Answer 11 · 2020-07-22T07:42:08.000Z

About the speed difference:
At which point are you using memoizsation? The result coming back from astPreprocessor should be memoized in your component based on the children.

const {
  children,
  astPreprocessor,
} = props
const content= useMemo(() => {
  astPreprocessor ? astPreprocessor(tokenToAST(stringToTokens(children, markdownItInstance)) : children
}, [children, astPreprocessor])

return <_Markdown markdownIt={markdownItInstance} {...props}>{content}</_Markdown>

Make sure you are also re-using the markdownItInstance you globally defined, or the Markdown component will create its own.

About the images I'd have to check this out in a free minute, but without knowing your styles for images and what the preprocessor actually does with the AST, its hard to predict.
So your preprocessor divides the markdown based on code fences?

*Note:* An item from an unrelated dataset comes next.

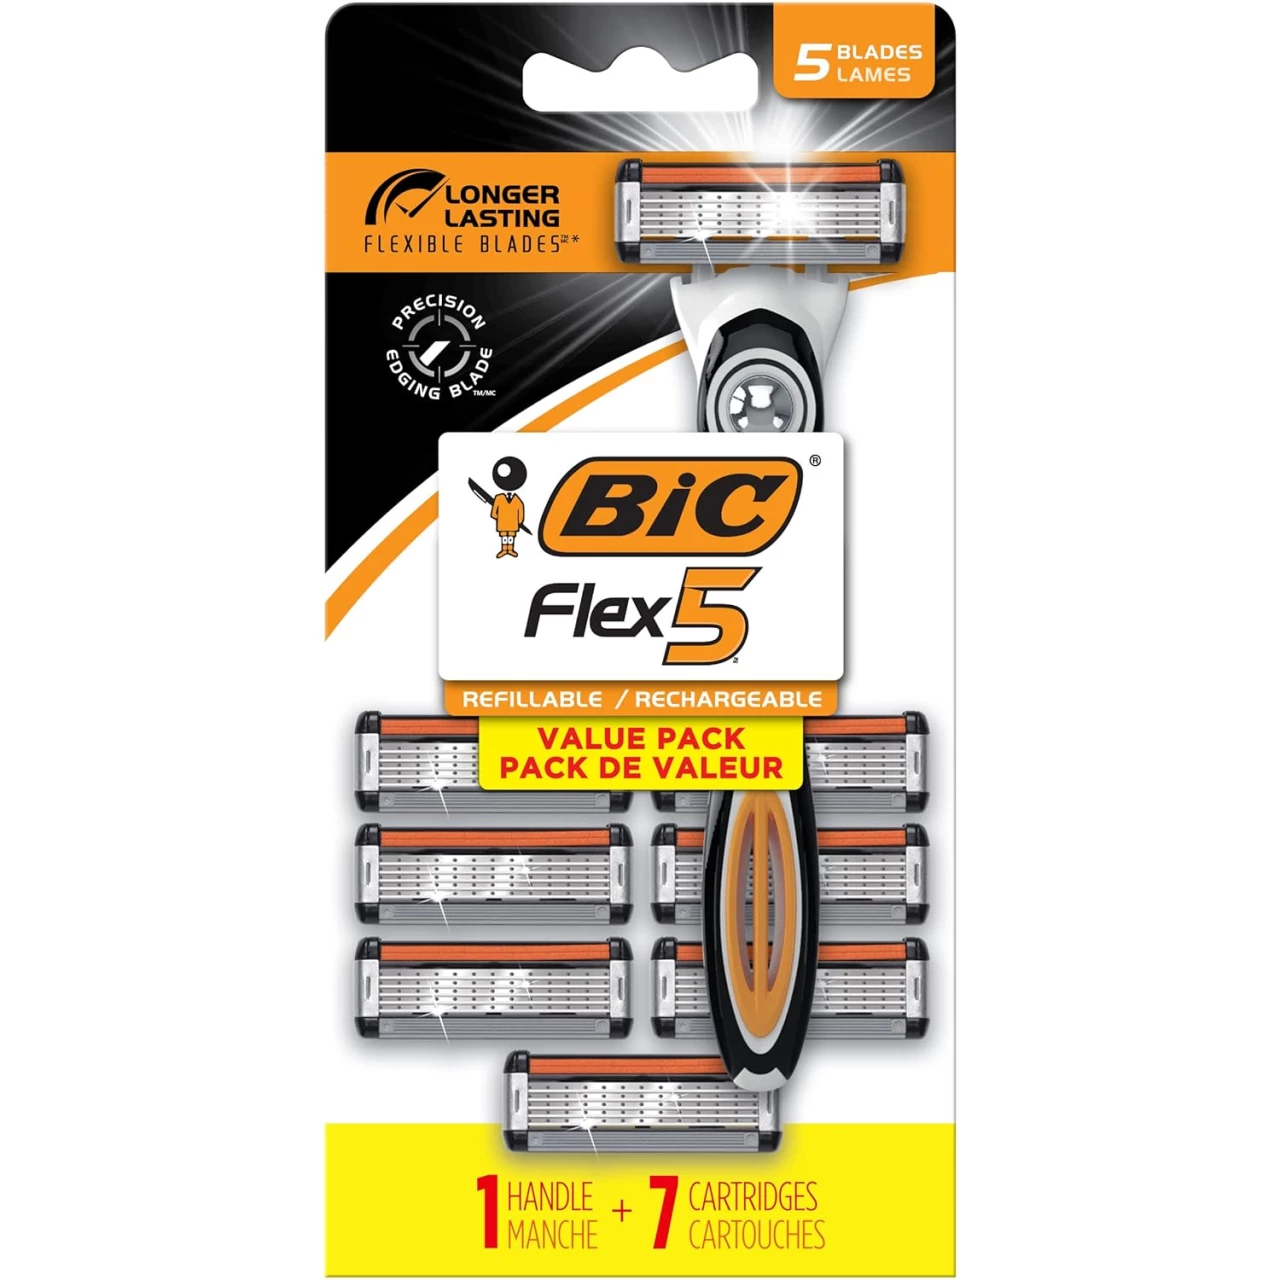 BIC Hybrid Flex 5 Titanium 5 Blade Disposable Razors for Men, 1 Handle and 7 Cartridges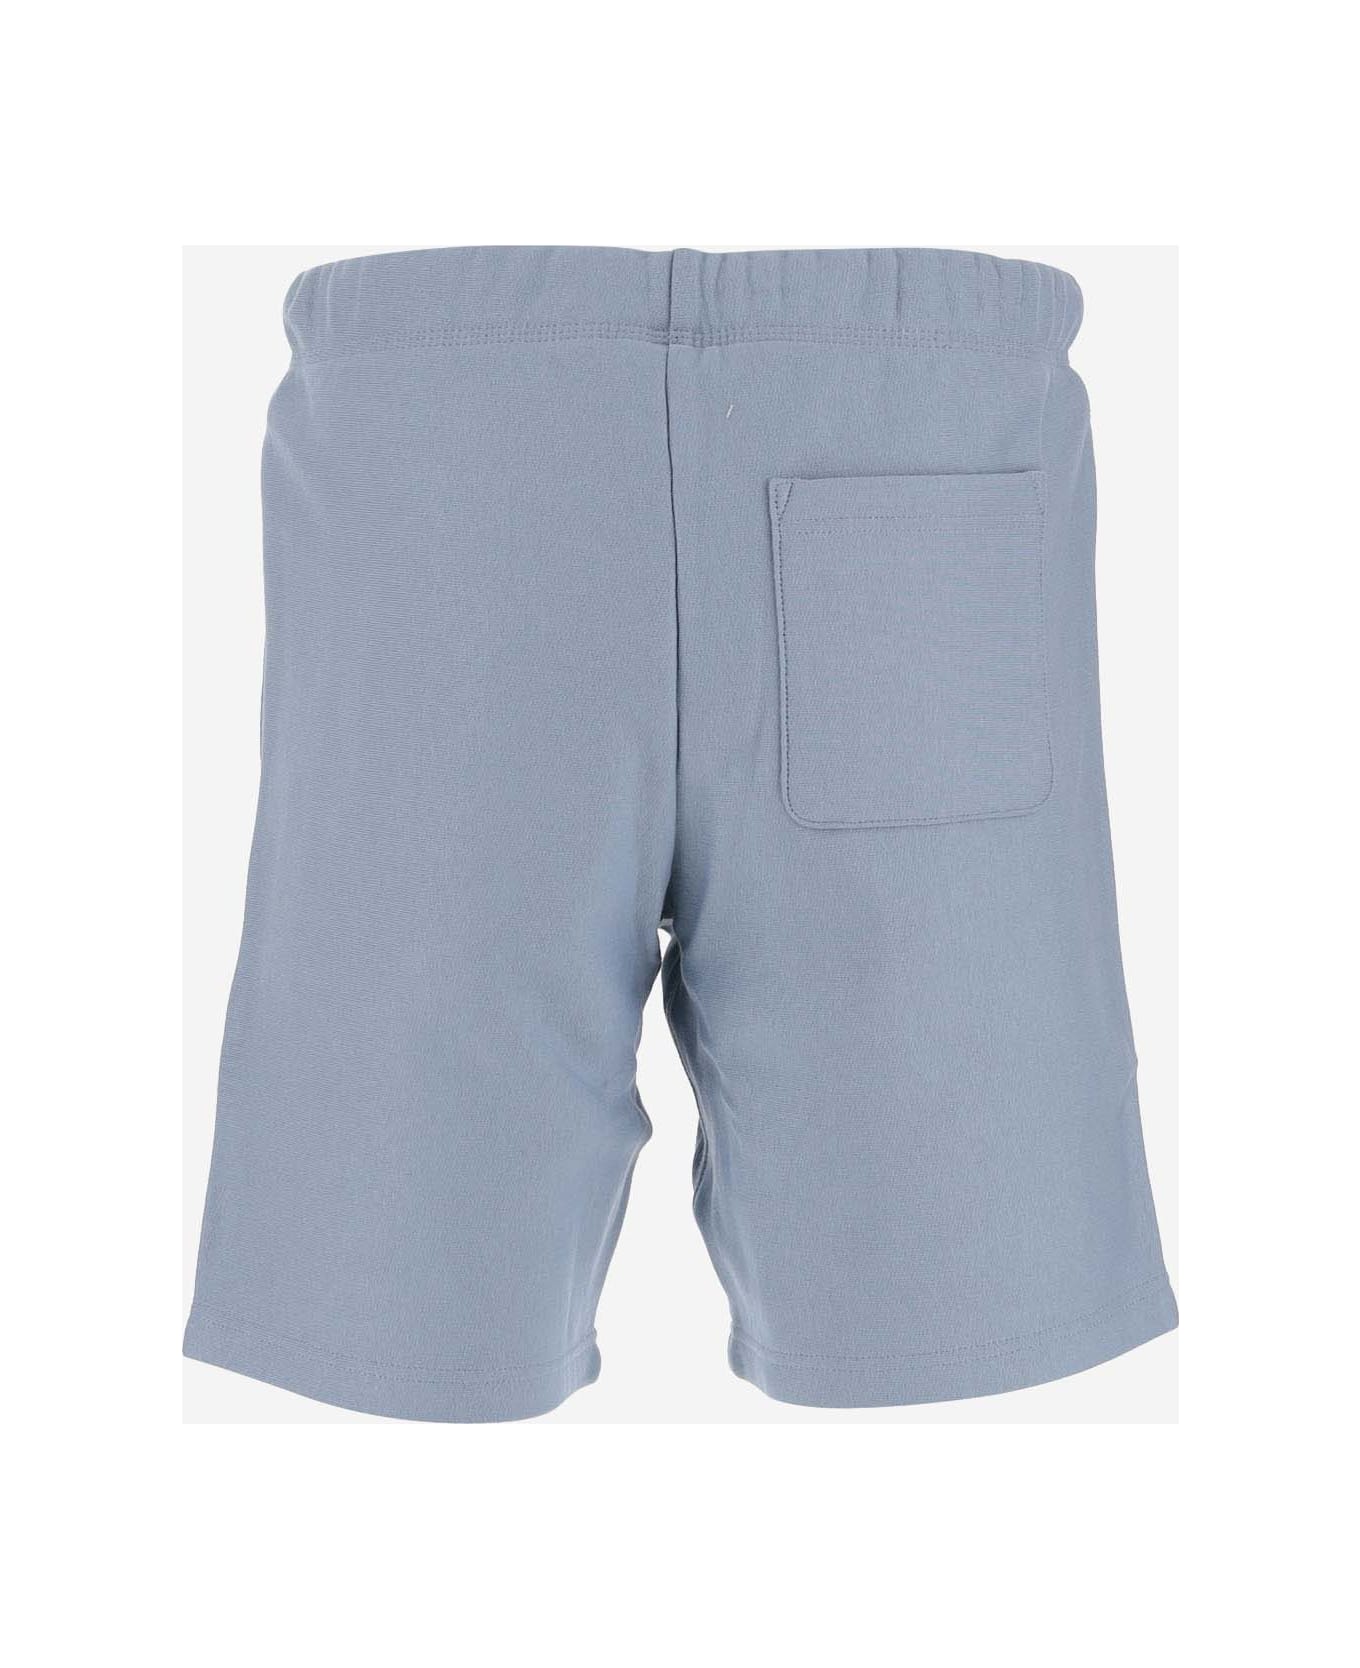 Carhartt Cotton Short Pants With Logo - Blue

Answer 12 · 2020-07-24T02:46:12.000Z

I think the markdown input is not entirely settled. stringToTokens only does the job partly. There are still two more steps from this file. https://github.com/iamacup/react-native-markdown-display/blob/master/src/lib/parser.js#L19

I copied them into my project then it works fine 😄. It could be nicer if you export them or refine the stringToTokens function. The speed confusion is also resolved. Thanks!

Answer 13 · 2020-07-31T10:19:46.000Z

+1 to cleaning up the necessary imports for a custom parser function. At present both cleanupTokens and groupTextTokens need to be imported from the src/lib/util folder.

However I wouldn't be in favour of consolidating the current functions into stringToTokens, as for my use case I need to do some preprocessing before groupTextTokens is called:

import {
  MarkdownIt,
  stringToTokens,
  tokensToAST,
} from 'react-native-markdown-display';
import { cleanupTokens } from 'react-native-markdown-display/src/lib/util/cleanupTokens';
import groupTextTokens from 'react-native-markdown-display/src/lib/util/groupTextTokens';

const markdownIt = MarkdownIt({
  typographer: true,
});

export default function toAST(markdownContent) {
  // Process into an AST, to support the changing of links into blocklinks.
  let tokens = stringToTokens(markdownContent, markdownIt);
  tokens = cleanupTokens(tokens);
  // It's important to blockify the links before grouping the text tokens,
  // as this will exclude the links from being grouped, which would otherwise cause issues on Android.
  tokens = blockifyLinks(tokens);
  tokens = groupTextTokens(tokens);

  return tokensToAST(tokens);
}

// We need links to be treated as 'blocklinks' so that styling works correctly.
function blockifyLinks(tokens) {
  tokens.forEach((token) => {
    if (token.type === 'link') {
      token.block = true;
    }
  });
  return tokens;
}